3. Several command-line options can also be included. They must
precede the specification of the WAV file. They are:
-r sampling_rate override which sample rate model to use,
one of 8000, 11025, and 16000. The default
is the sampling rate of the WAV file if it
is one of the three, otherwise 11025.
-s start_time start of portion of wavfile to align (in
seconds, default 0)
-e end_time end of portion of wavfile to align (in seconds,
defaul to end)
E. Doing Forced Alignment The Hard Way
--------------------------------------
1. Please refer to the files under ./examples/ for the right
formats for the files described in the next steps.
2. Prepare speech files and their word transcription as described
below. You can do forced alignment for very long speech files (e.g.,
one hour), or you can also align many files in one step.
3. Create the reference transcription file, transcript.mlf.
transcript.mlf is a HTK "master label file" containing the
transcripts of all the files to be force-aligned. Below are the steps
to generate the file:
I. Capitalize all the letters of the words. If a word doesn’t
appear in the CMU pronunciation dictionary, you can either
manually add it to the dictionary or exclude it from forced
alignment, depending on your goal. The alignment will fail if
there is an unknown word in transcript.mlf.
II. You may include the following labels in transcript.mlf:
'{SL}' for silence, '{LG}' for laughter, '{NS}' for noise,
'{CG}' for cough, '{BR}' for breath, and '{LS}' for lipsmack.

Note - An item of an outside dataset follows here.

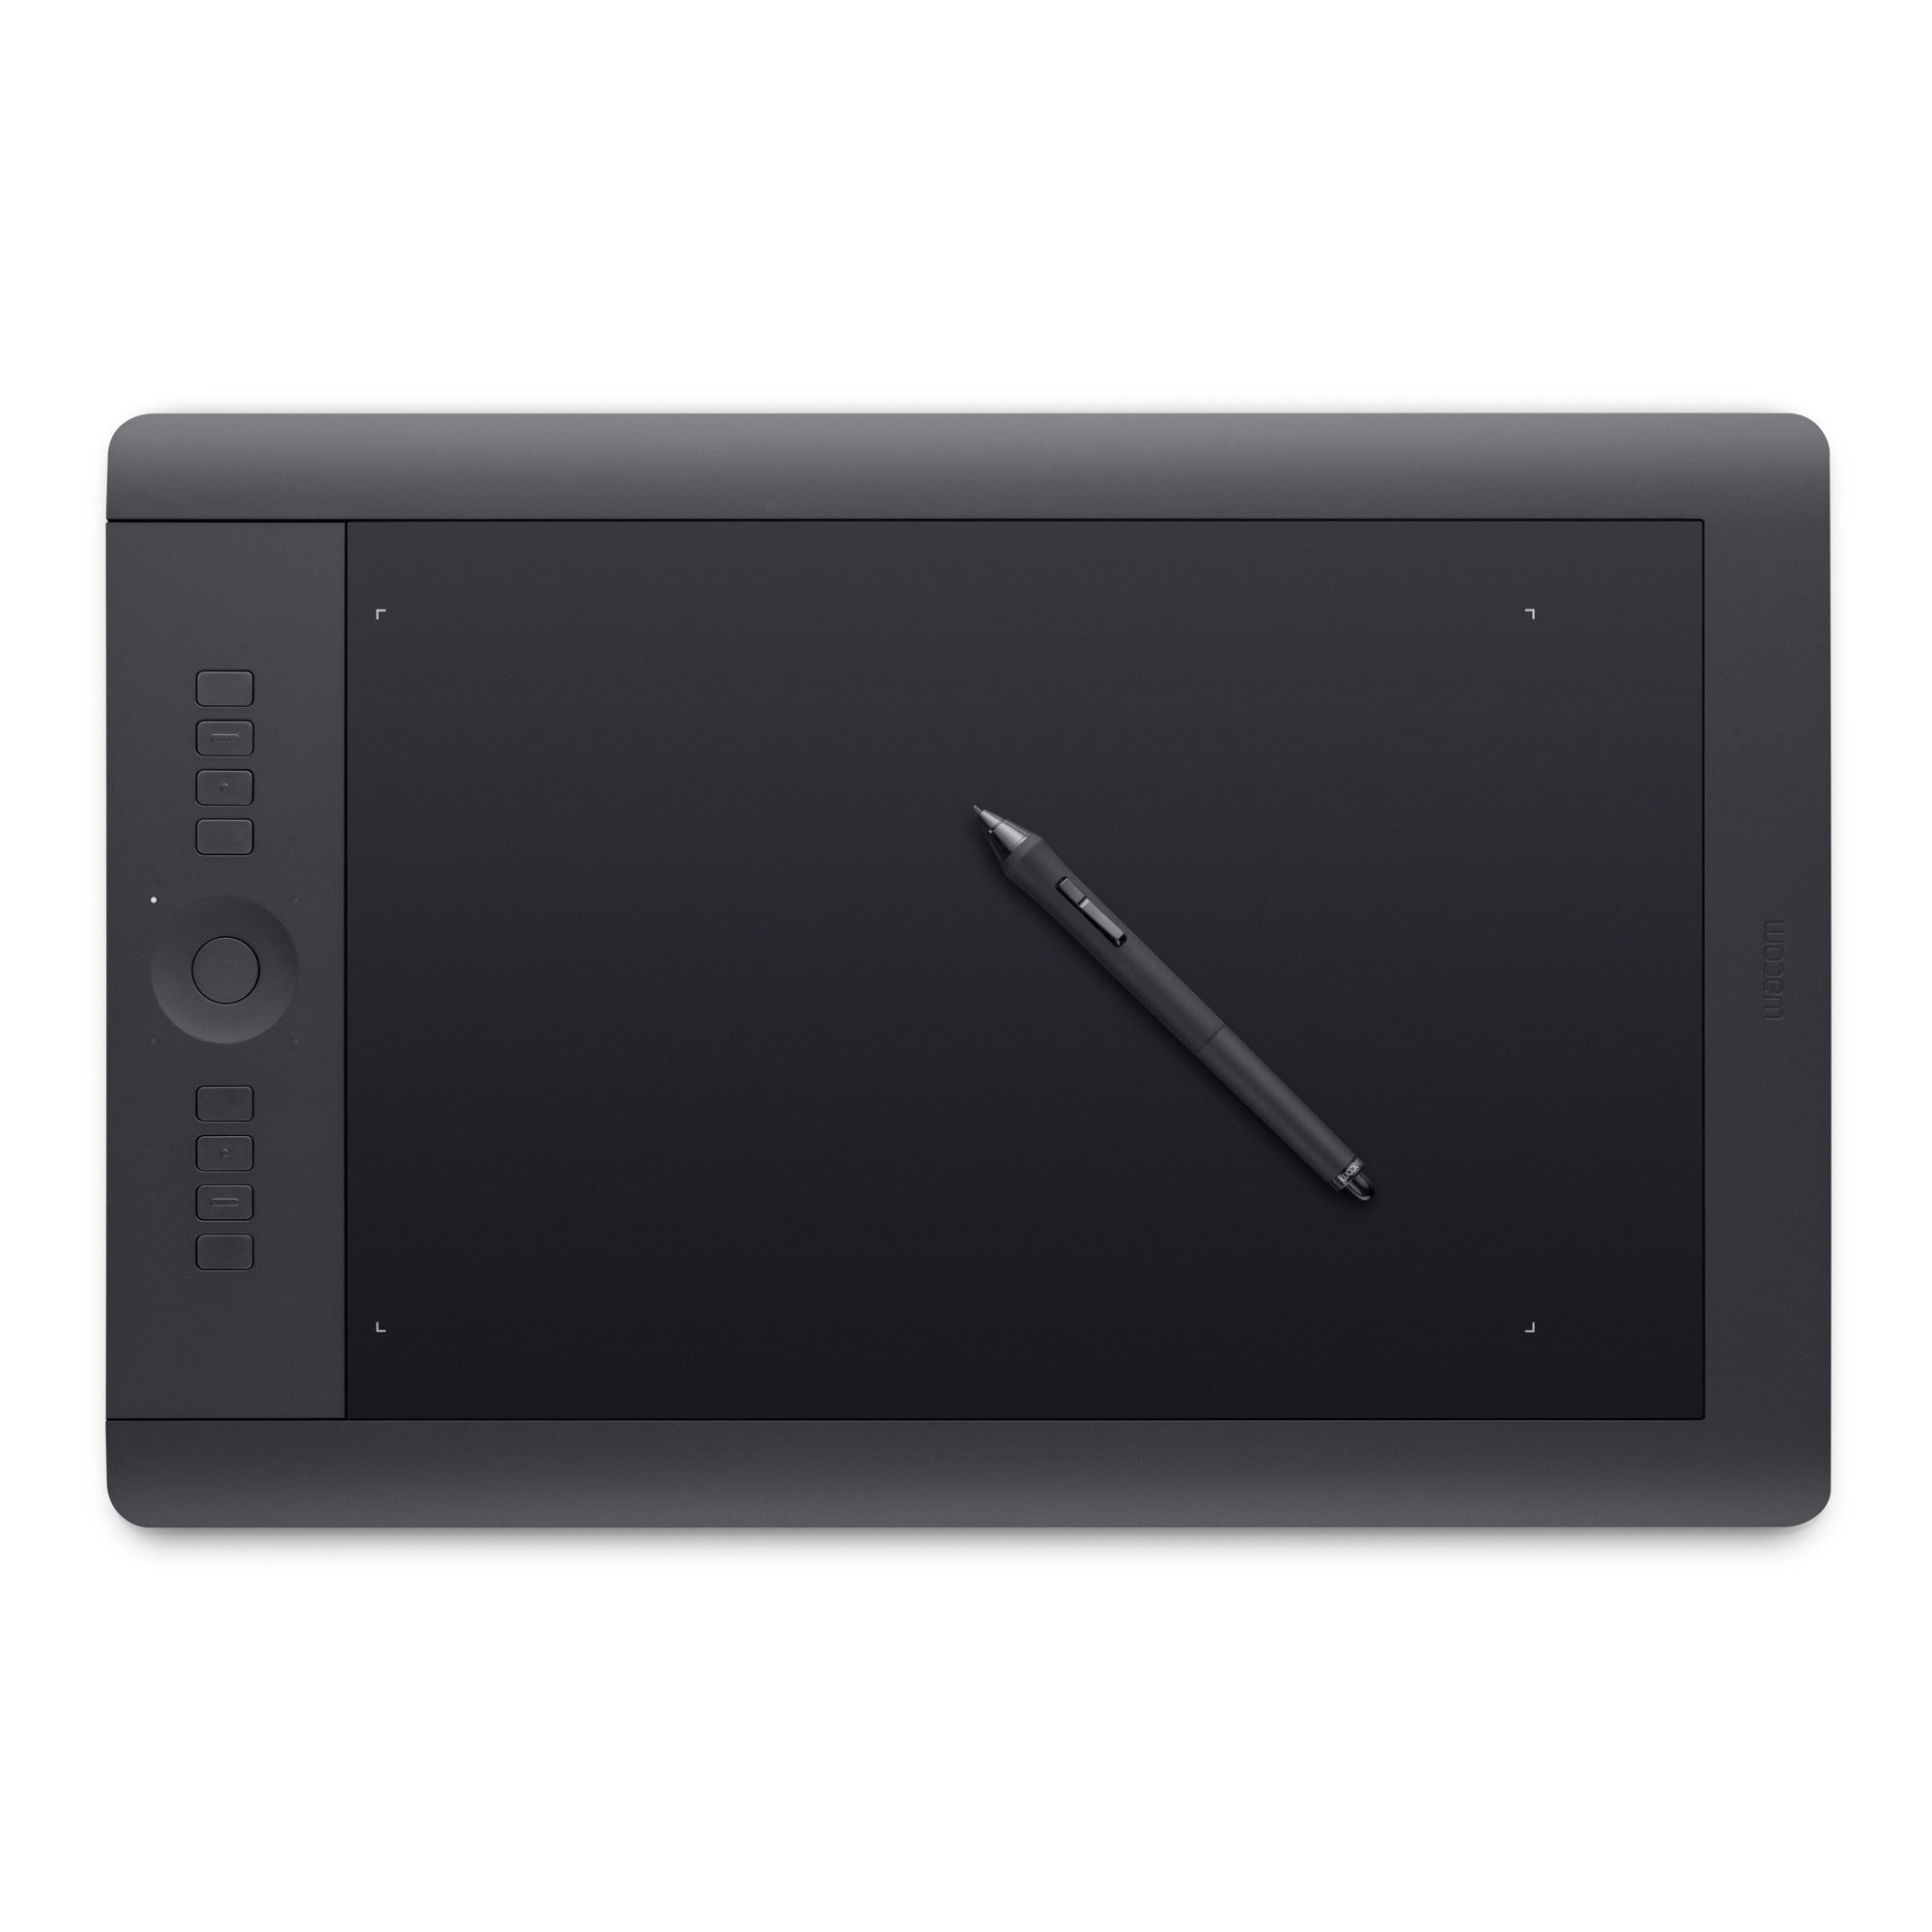 Intuos Pro Pen and Touch Drawing Tablet Simply Computing

III. You may want to insert an 'sp' between every two words. 'sp'
stands for small pause. It can have zero length (no pause) from
forced alignment.
4. Create code.scp and test.scp. They contain the names of the files
to be coded and aligned respectively.
5. Extract acoustic features:
HCopy -T 1 -C ./models/your-sampling-rate/config -S code.scp
The file config contains parameter settings for the speech files
(.wav, .raw, sampling rate, etc.) and for the acoustic features
(mfcc, plp, etc.). If your speech files have a different sampling
rate other than 8,000Hz, 11,025Hz, or 16,000Hz, you can downsample
or upsample to 11,025 Hz (which by far has the best performance).
In our training procedure, we downsampled from 44,100 Hz to the
target sampling rate using 'sox -polyphase'.
6. Forced alignment:
HVite -T 1 -a -m -I transcript.mlf -H ./model/your-sampling-rate/macros -H ./model/your-sampling-rate/hmmdefs -S test.scp -i ./align.mlf -p 0.0 -s 5.0 ./model/dict ./model/monophones
align.mlf is the forced alignment results. You can convert it to
label files, e.g., Praat TextGrids. Please note that: a) the time
unit in align.mlf is 100 ns (0.00000001 second); b) there is a
rounding issue when the sampling rate is 11,025 Hz and the time
step is 10 milliseconds, so you need to correct the time stamps in
alilgn.mlf. You can use the following formula to convert the time
stamp x into seconds:
y = (x/10000000 + 0.0125)*(11000/11025).